◆ **YOUR TASK**
Leave out the pictures and retype exactly the lines from the line with "7662bc8bb4 Lyst - Herschel" through the end of the listing below.

◆ **SUPPLIED DATA**

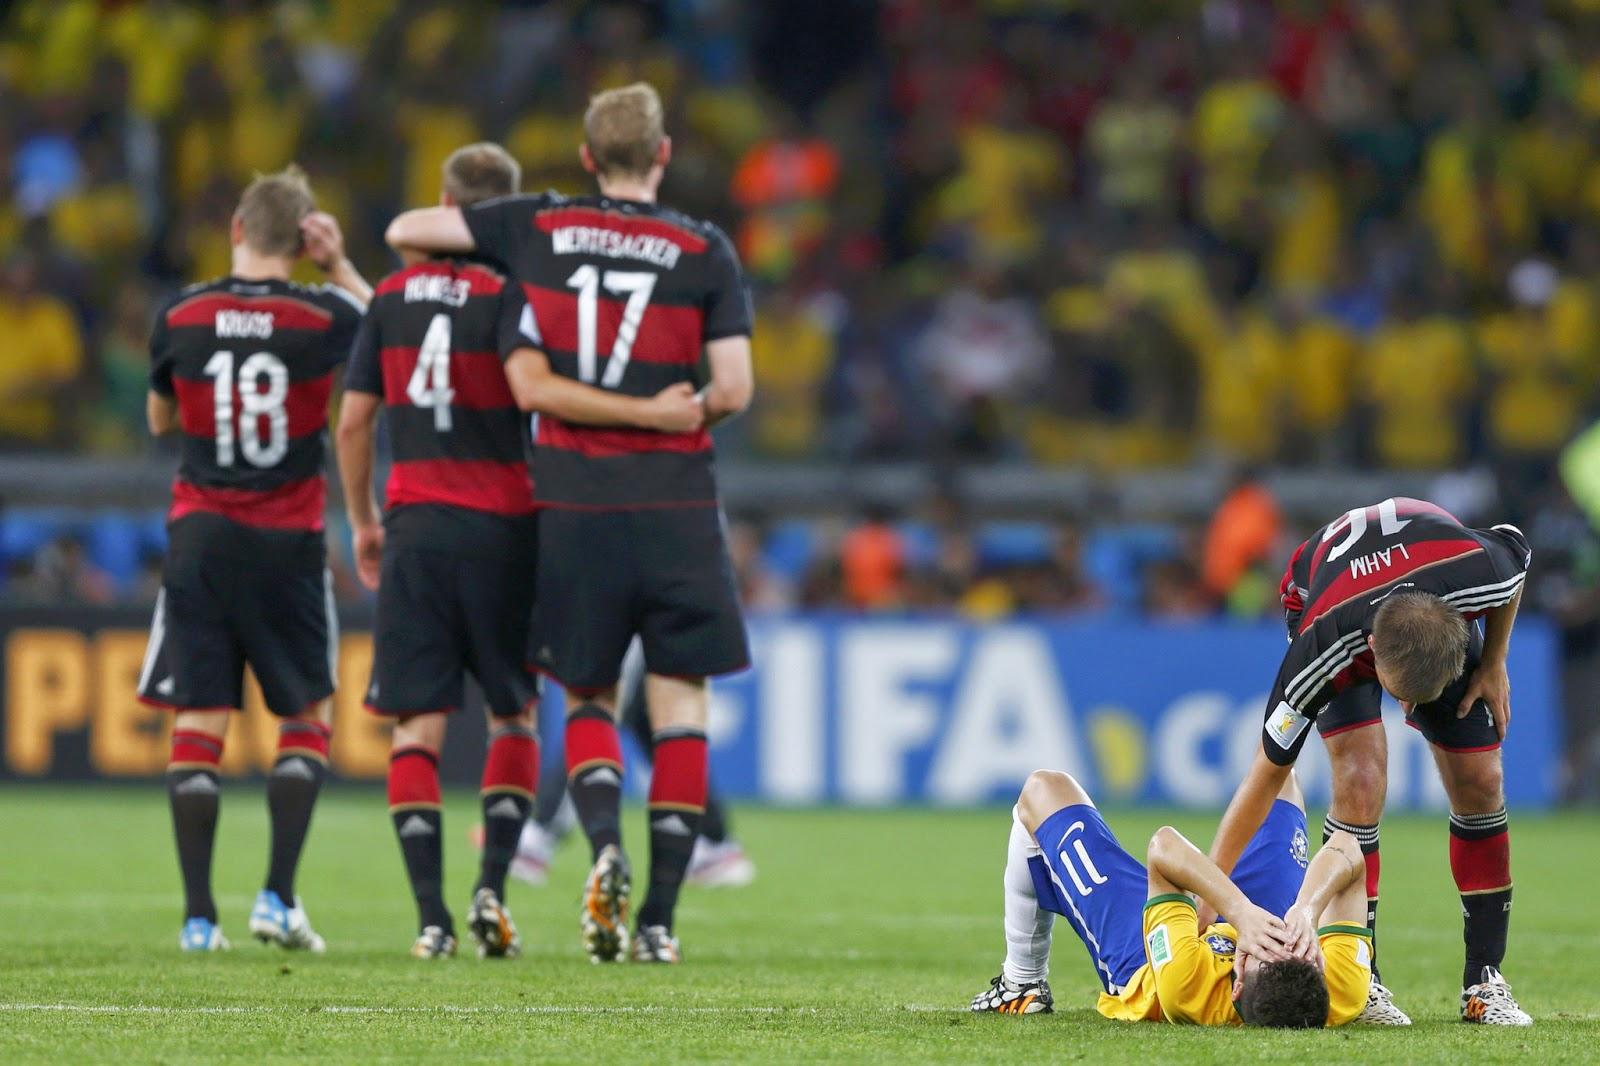 Pemain Jerman Philipp Lahml tampak sedang menghibur Pemain Brasil Oscar yang tengah sedih. Kredit Marcos Brindicci/ReutersPress Via nytimes.com
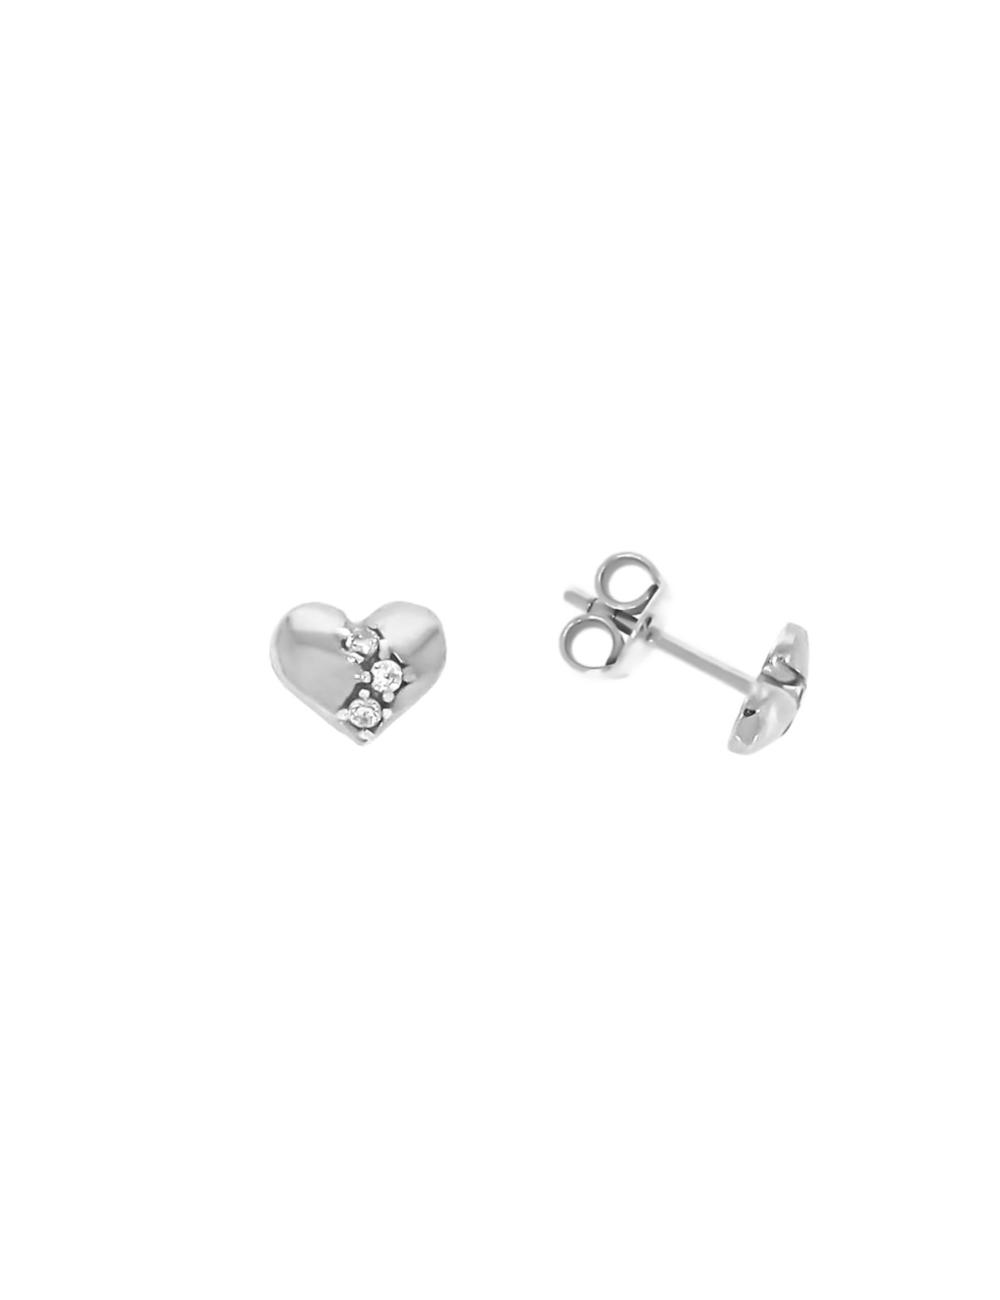 10010108 Kolczyki srebrne pr.925 z cyrkoniami
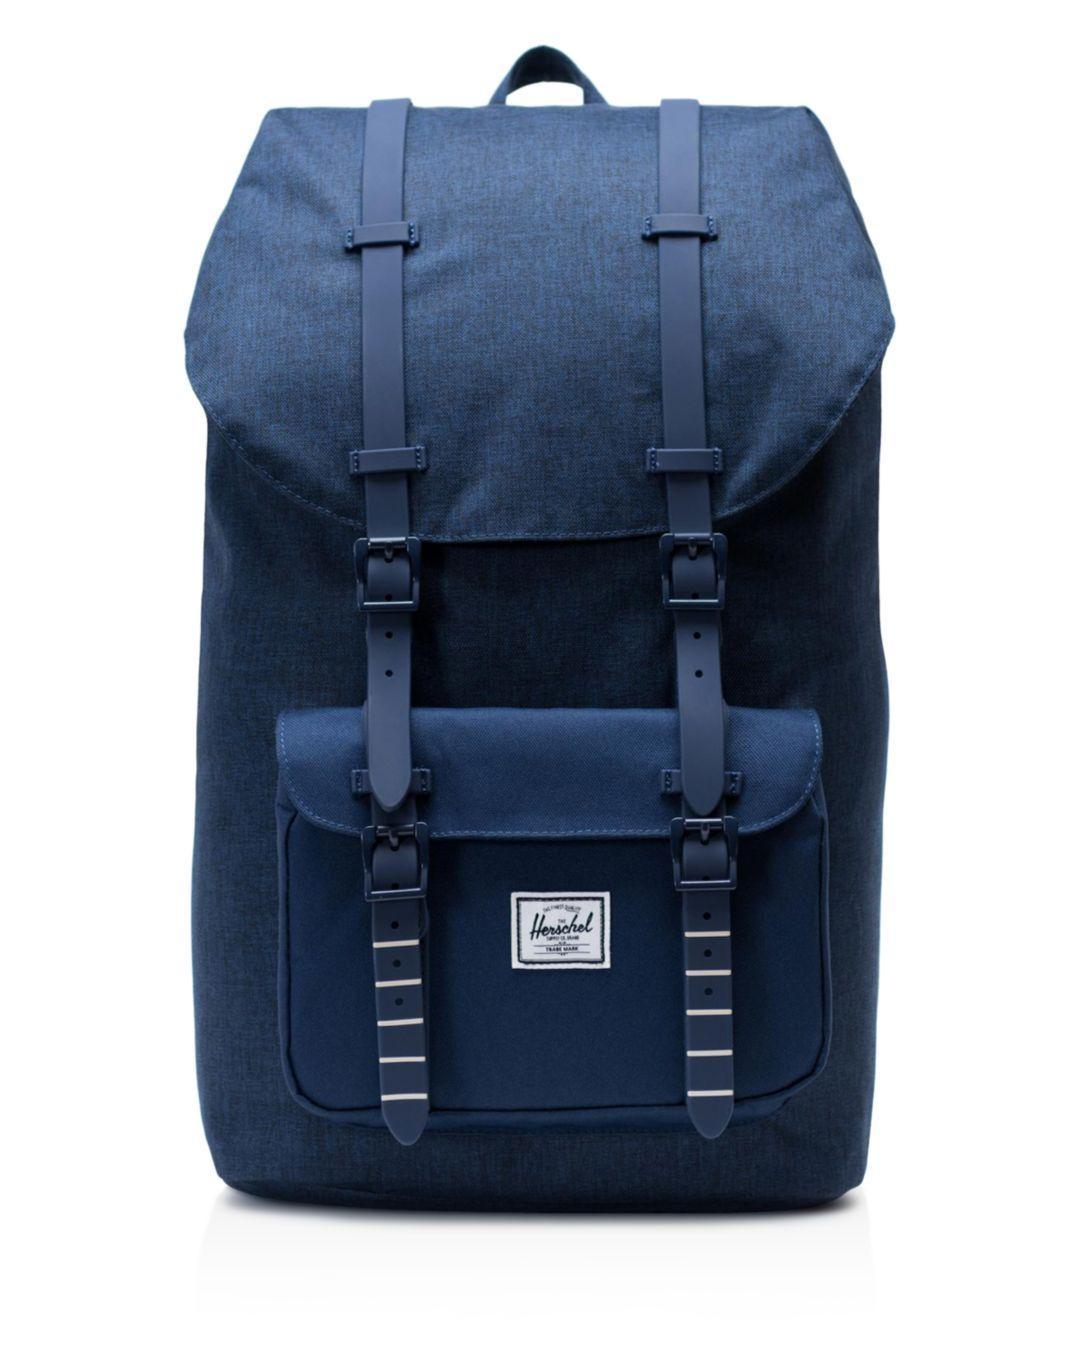 7662bc8bb4 Lyst - Herschel Supply Co. Little America Backpack in Blue for Men ...
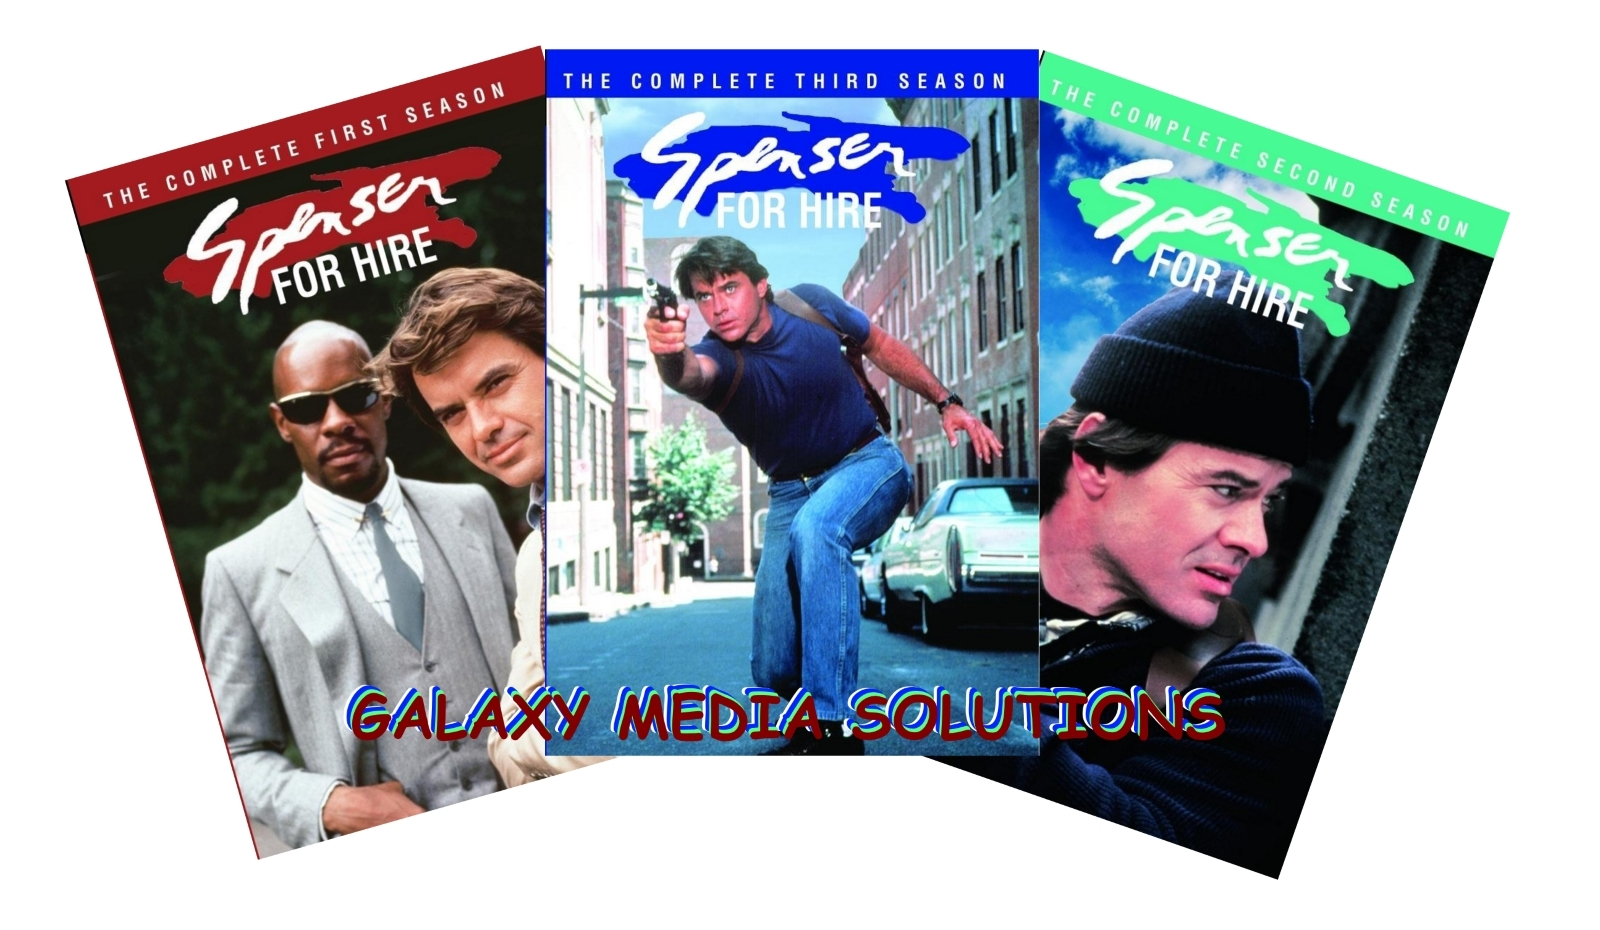 Spenser for hire season 1 3 one  three dvd bundle

◆ **RESPONSE TO THE TASK**
 7662bc8bb4 Lyst - Herschel Supply Co. Little America Backpack in Blue for Men ...
 Spenser for hire season 1 3 one  three dvd bundle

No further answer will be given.